I had the ready rubbed version. It was nice and had a medium nicotine hit but I kept wanting more from it. It starts out with a sweet slightly fruity flavor kind of like raisen bran, but the fruit and most of the sweet fades too soon. I could get a little more out of it if I pushed it, but then it got a little bitey. Not one that I would seek out, I like tobaccos that have flovors that sneek up on you.


----------



## kbiv (Jul 30, 2010)

Finally got to open this up. Since my job change from last December I've been working a different schedule, mainly 12 hour shifts at night. I'm still not up there with most of you as in bowls per day, I will usually smoke one the day before I begin a run of shifts. It keeps me awake at nights, and gets me focused for my job.
That said, I usually gravitate towards the easy stuff that I don't have to mess with, such as PA. I got this can last Saturday, and between work and school haven't had time to mess with it. The thought of trying to work with a plug was rather daunting for someone at 4 am. But I promised myself I would.
Once I popped the can, I was happy to find the "brownie", and also enough loose strands, that I figured I might be able to get a bowl or two without too much work. I had just read the musketballing thread, and in short, it didn't work too well. I had just finished a breakfast/supper, (what do you call your 3 am meal?) of carne guasada tacos, so my tastebuds were well nuked. My fluid of choice was Zieganbach, an amber beer. 
Loaded the pipe up and began to light. and light, and light. I'm willing to blame my inexperience with any loading other then stuffing. The taste I got was pretty much cigar in nature.
Had to do several relights, and finally got tired of it.
The bad- 
requires attention in loading. Some experience or learning, and daylight would help.
The taste never really developed. Nothing wrong with it, reminded me somewhat of the H. Upmans I'm fond of, just no changes. Once again, I live on Tex-Mex, ymmv.
The good-
I still have a cool looking plug!! I'll shred the remaining pieces for easier loading, and throw the plug in a mason jar, for a time that I can fully savor the experience. I don't think it will make it into the 4 am rotation, but someday I'll have some time again.


----------



## freestoke (Feb 13, 2011)

kbiv said:


> I had just read the musketballing thread, and in short, it didn't work too well. ...
> 
> Once again, I live on Tex-Mex, ymmv.
> The good-
> I still have a cool looking plug!! I'll shred the remaining pieces for easier loading, and throw the plug in a mason jar, for a time that I can fully savor the experience. I don't think it will make it into the 4 am rotation, but someday I'll have some time again.

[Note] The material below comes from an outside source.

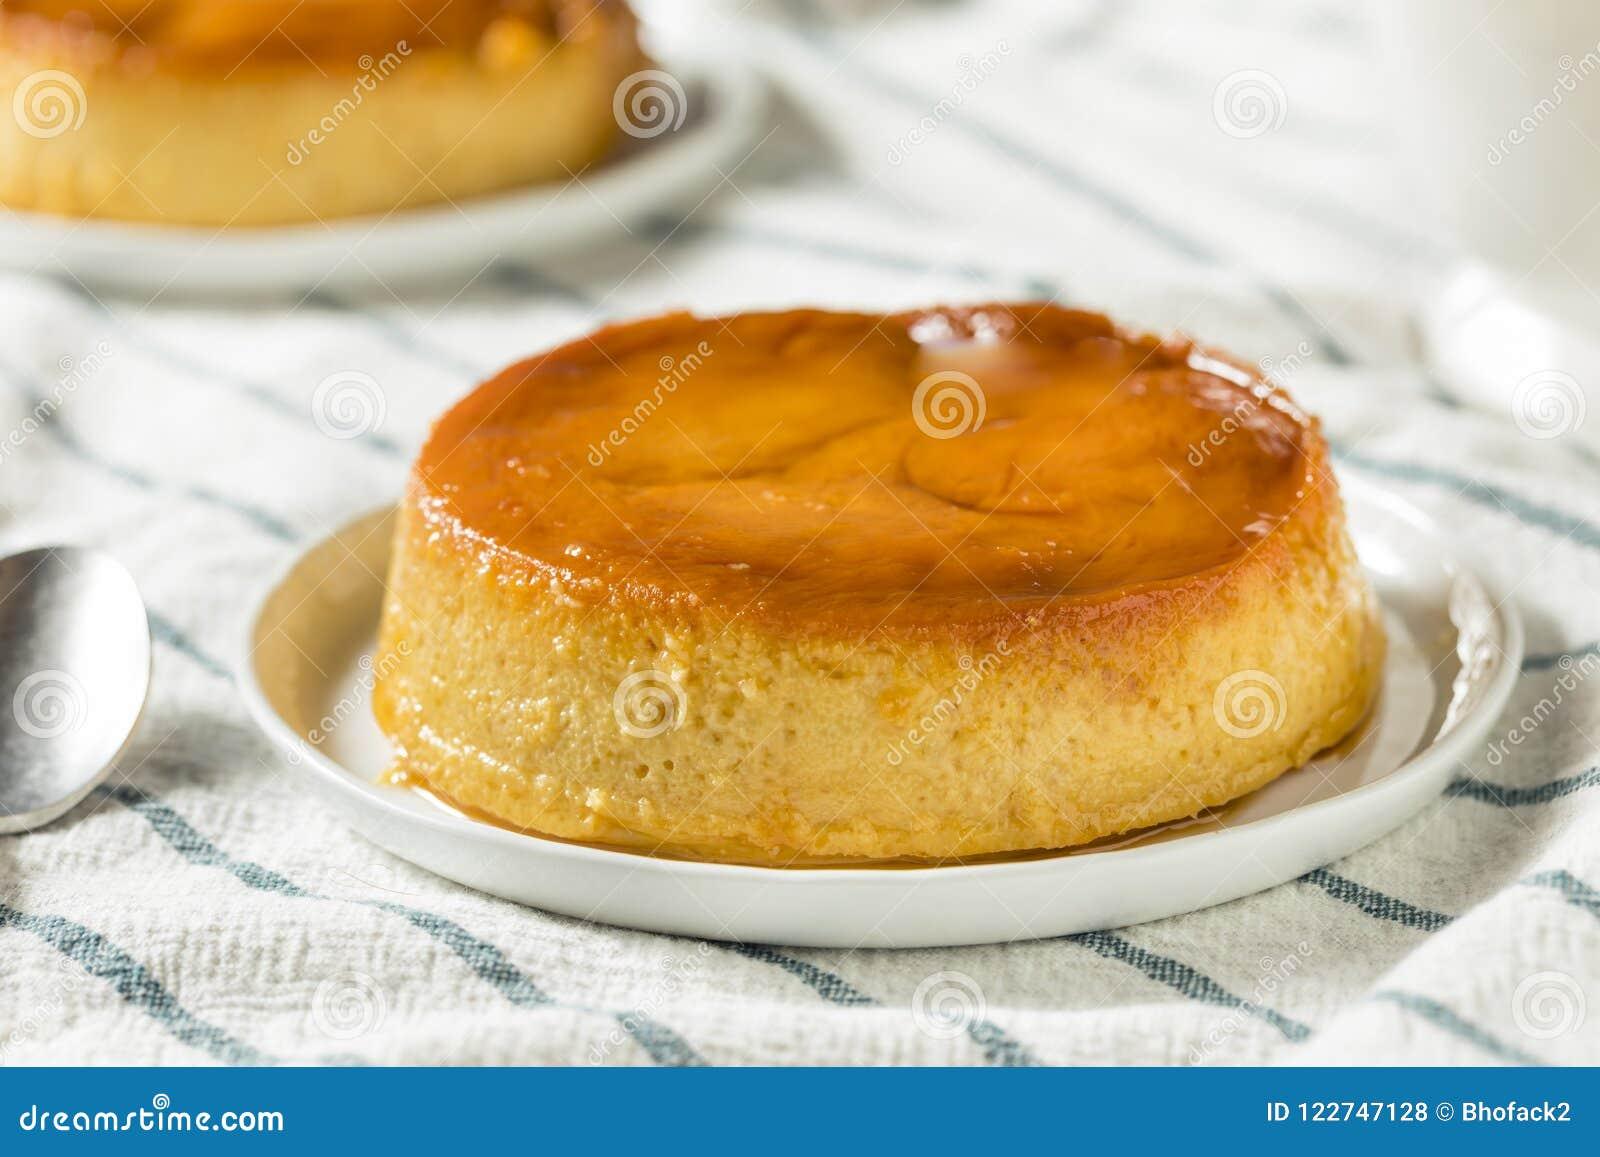 Sweet Homemade Spanish Flan Dessert
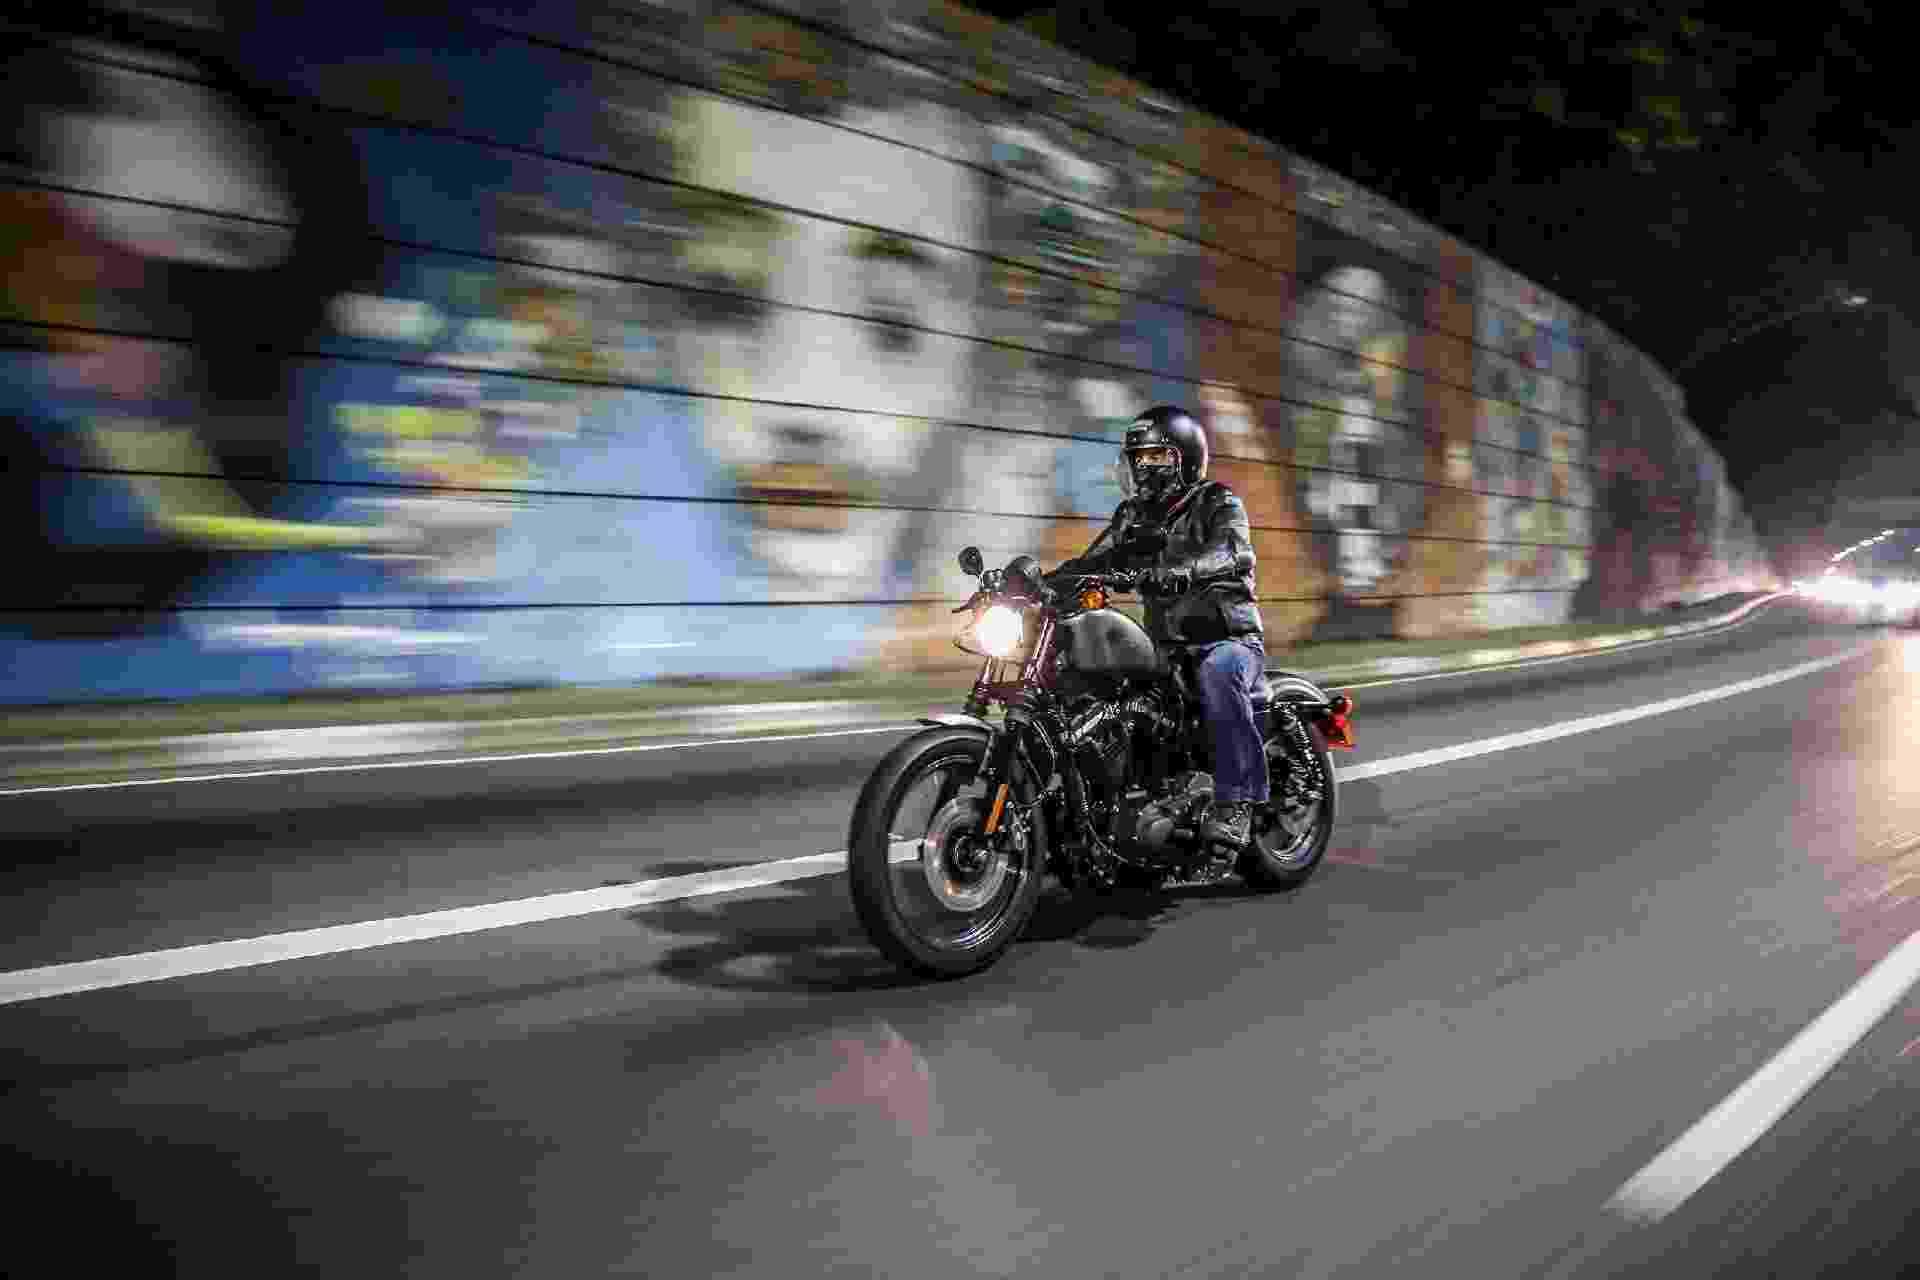 Harley-Davidson Iron 883 em São Paulo - Renato Durães/Infomoto

I don't think JK[sic]P would musketball well either. A little too nonuniform the way I cut it up to make a decent ball and probably a bit dry too. Works much better with a finer flake. Even a dry flake that would rub out beautifully won't musketball well.

A nice, honest review! :tu Think you need to rub this one out, KB.

And I'm with you on the Tex-Mex!! I really miss being able to pick up a quick Tex-Mex for dinner. Not available around here, AT ALL. They just don't get it. There are "Mexican restaurants" around here, but they SUCK!! BTW, are the Taco Bueno's still good, or even around any more? When I lived in Dallas in the 70s, they had superior burritos and tacos -- and guacamole! Really good. Hopefully, they didn't turn into Taco Bell. I'd donate a kidney for one of those, ala 1978, in Rome. sigh. But I make mean burritos and tacos myself these days, so it isn't complete Tex-Mex deprivation. :smile: The best Mexican restaurant I ever went to was in Dallas, Guadalajara's. Used to go there a lot. (Helps to know a little Spanish, but don't look in the kitchen! :lol


----------



## kbiv (Jul 30, 2010)

Taco Bueno's seem to be making a comeback. There's one up the road in San Marcos, but I haven't tried it. Their pintos and cheese were pretty good 20 something years ago, maybe they haven't changed. As far as the restauraunts, they seem to lose the "Tex" part pretty fast and keep the "Mex". It's always a good skill to learn to cook it yourself. I've lived off the last two batches of carne guasada for better part of two weeks now!!


----------